The Power of Instinct: The New Rules of Persuasion in Business and Life
By Leslie Zane (MBA 1986)
PublicAffairs
Award-winning Fortune 500 brand consultant and behavioral expert Leslie Zane shatters conventional marketing wisdom, showing readers how to tap into the hidden brain where instinct prevails, creating a powerful network of connections that drive people to buy your product, company, or vision. People don’t make decisions with their conscious mind, but on instinct. In The Power of Instinct, Zane shows that to grow a brand, business, or even a social movement, traditional persuasion tactics fall short. Instead, you must connect to the instinctive mind. To do this, you need to understand the science of consumer choice and employ techniques that work with a person’s brain, not against it. Zane uncovers the hidden network of connections that dictates the snap decisions we make and cracks the code on how to influence it. With a revolutionary set of rules for expanding the network, she shows us how to make any brand, business, political candidate, or idea the dominant instinctive choice.

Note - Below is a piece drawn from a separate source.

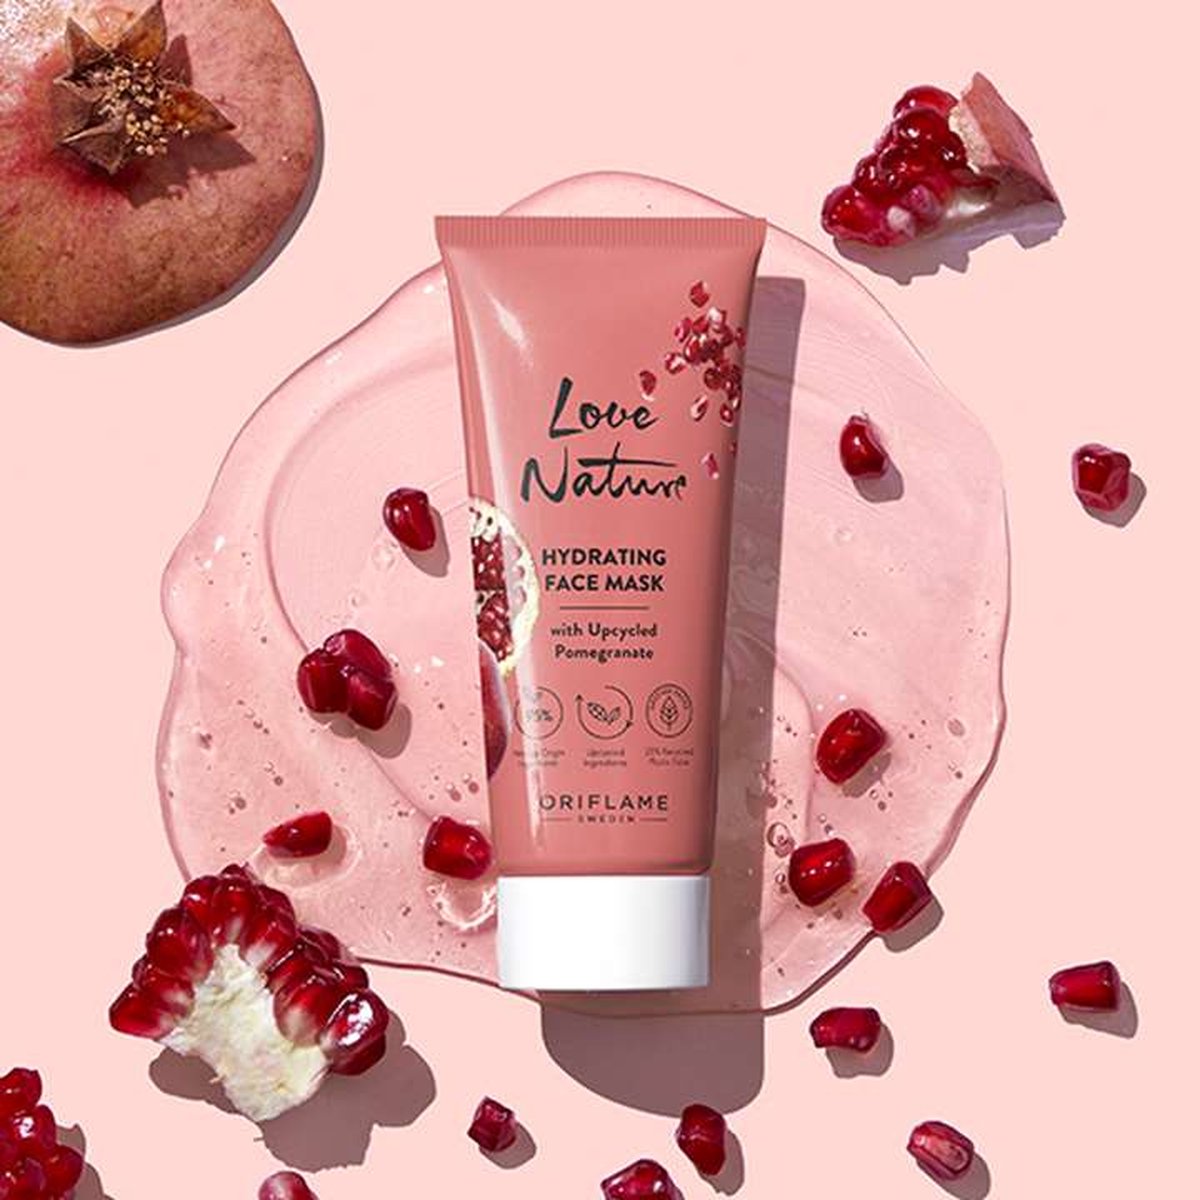 LOVE NATURE Hydrating Face Mask with Upcycled Pomegranate

The Treasure You Seek: A Guide to Developing and Leveraging Your Leadership Capital
By Archie L. Jones, Jr., Senior Lecturer, Harvard Business School
Forbes Books
Leadership is not about title or status, but about influence and impact. Leadership capital consists of the resources you have that can empower you to work with others to achieve your goal. In The Treasure You Seek, Jones shares his lessons in leadership―focused on the notion of leadership capital and the 5 C’s: capability, culture, communication, connection, and confidence. Each of these is a tool for readers to develop and deploy leadership capital in order to achieve whatever success means to them―their treasure. Jones lays out his own experience and walks the reader though the building blocks of developing and then leveraging each of the five C’s. This book is for the aspiring entrepreneur with a dreams to start a business and build an empire, start a nonprofit to change the world, or simply to be upwardly mobile and change one’s own life.